Тревожен крик совы́. Пугливо прочь
бегут в траве таинственные тени.
Хитросплетения лесных растений
всё явственней объемлет дрожь.
Трепещет всё. Не спит. И не склика́ет
унылым звоном ветхая, слепая
церкву́шка без око́н и без дверей —
лихие ветры пронеслись над ней.
О, су́дьбы, су́дьбы: кто о них что́ знает…
Царит над миром женственная ночь.
Тепло озёр встречает холод звёздный.
Земля тучнеет. Нивы многоплодны.
И чар луны ничем не превозмочь.
Я Вас любил… Но я — дебил!
И я разбил
не-
ос-
то-
рож-но
Ваш фэйс…
(Случайно зацепил,
когда соперника
мочил).
А счастье было так возможно!
Бледной сирени привязчивый цвет.
То ли закат…
Нет —
Скорее —
Рассвет!
Путник.
Что путнику надо? —
Пути.
Стелим дорогу —
Иди, брат!
Иди.
Тучу покруче
Повесим над ним.
Ветер пусть дует.
Что будет —
Глядим.
Путник согнулся.
Держись, брат!
Держись.
Вот и пейзаж.
Назовём его —
Жизнь!
В сыром лесу сидеть и плакать —
какие могут быть дела,
когда дождя слепого благость
под ёлку волком загнала.
Шептаться, низко наклоняясь,
с чадолюбивым костерком,
чтоб исповедавшись, сморкаясь,
брататься с пасмурным дымком.
С травой, листвой, и хвоей плакать —
сопливой слёзности лица
ни от кого не надо прятать —
и с солнцем... плачут небеса.
Усадьба.
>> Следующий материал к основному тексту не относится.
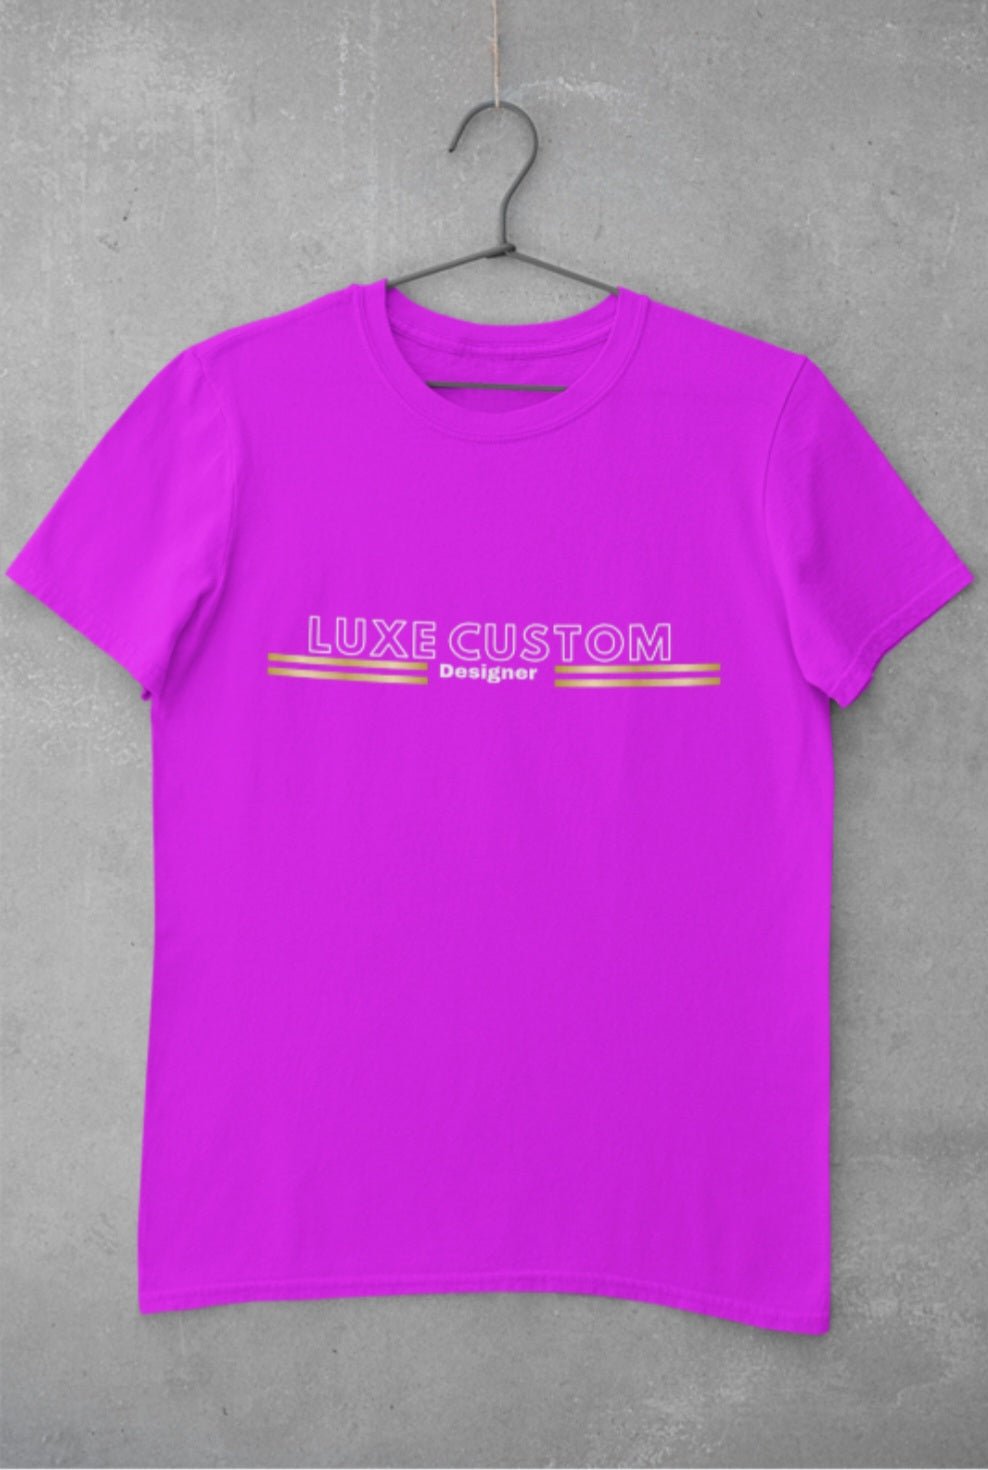 Deluxe T-Shirt - Luxe-Custom-Designer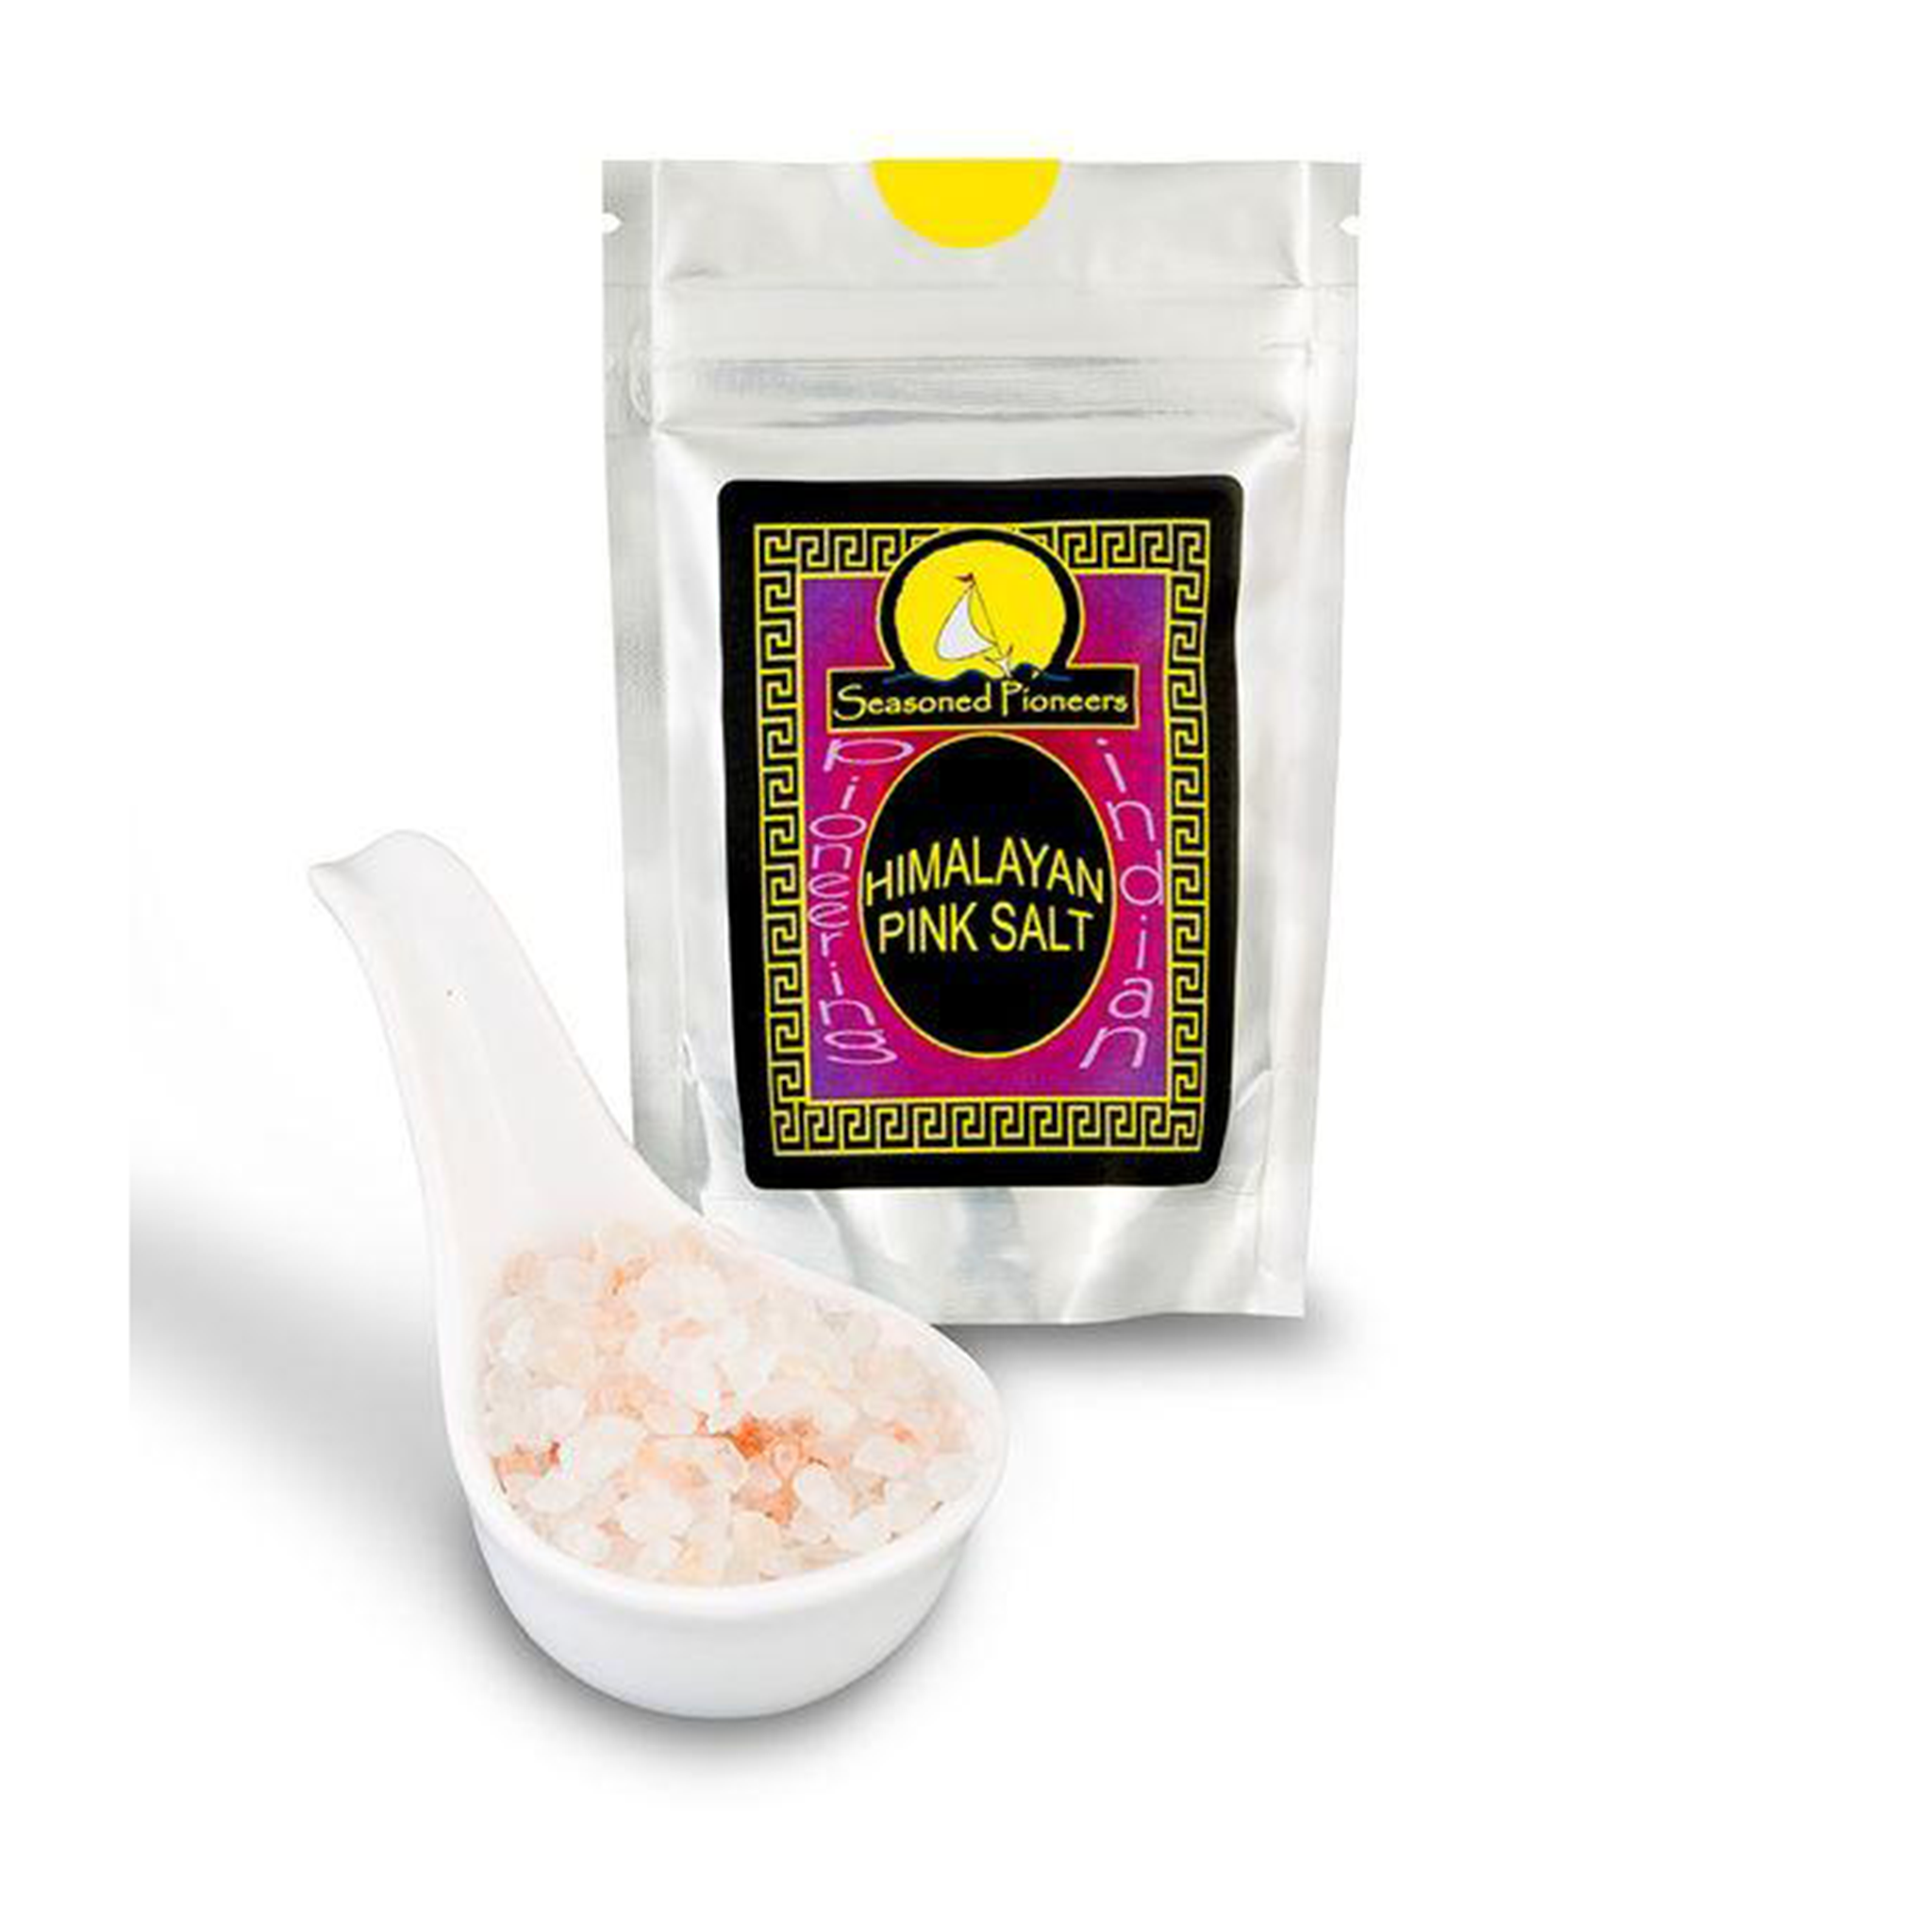 Himalayan Pink Salt 60g by Seasoned Pioneers

Безысходности пора.
Смурной ноябрь, безлюдьем одолев,
Надолго жизнь уводит со двора.
И засыпает дом, как старый лев.
Зима все сны вместила в снегопад.
И в оттепель, в преддверии весны,
Сосульками рисует водопад,
Стеклянный храм звенящей тишины.
Дом леденеет, сумрачно кряхтит,
В мехах песцовых, с синевой в тени,
Седым вельможей солнцу предстоит,
Весь помыслами врос в былые дни.
И вдруг — кольнёт многоочи́тый взгляд:
Ряд окон, схожих с ликами совы,
Века в глаза задумчиво глядят
Холодным взором, полным синевы.
… А вы
ноктюрн сыграть
могли бы …
— Да вы ж
и мышь в прику́с не брали!
— А вы —
в стеклянном шаре —
рыбу
своей любовью обнимали???
— Нет.
Обнимали мы берёзку.
На при́кус брали папироску.
Играли что-то на тальянке,
но не ног-тюрн, скорей уж… польку!
Нам, водосточных труб жестянки
в рот ни к чему бы брать, поскольку —
бывало всякое, по пьянке…
но, не настолько.
Не настолько!
Ах, осень в комнату вошла…
Паркета охра под ногою
так неожиданно
нагою
тропой
нас
в рощу
привела.
О, эти жёлтые обои, внезапно ставшие листвою!
Скажу, нисколько не шутя:
их нашептали
мы с тобою,
покуда шли сквозь шум дождя.
О дар печали,
отсвет нежный,
любви ослепнувшей зерцало,
и
в дольнем мире безутешный,
и
в горних высях неуместный,
как,
без тебя,
мне
пусто стало!
…день
сентября
…колечком обручальным
с руки недужной, сердце леденя,
легко катился и исчез,
звеня,
за
горизонта полукружьем…
…лишь на листке календаря
оставшись памяткой ненужной…
С серебряным скрипом — пера птичьим скрежетом —
Раскрылась калитка меж житом и нéжитом.
В окошках не утро — а нежность сусальная.
Залётная осень. Такая… печальная.
Смеясь, обронила кольцо обручальное!
Тот, кто его пóднял, всю жизнь станет маяться —
Надеясь, что встретит то, с чем не встречаются…
…Слепой осторожностью слово ломается!
Пусть тёплой слезой хлада рук не касается.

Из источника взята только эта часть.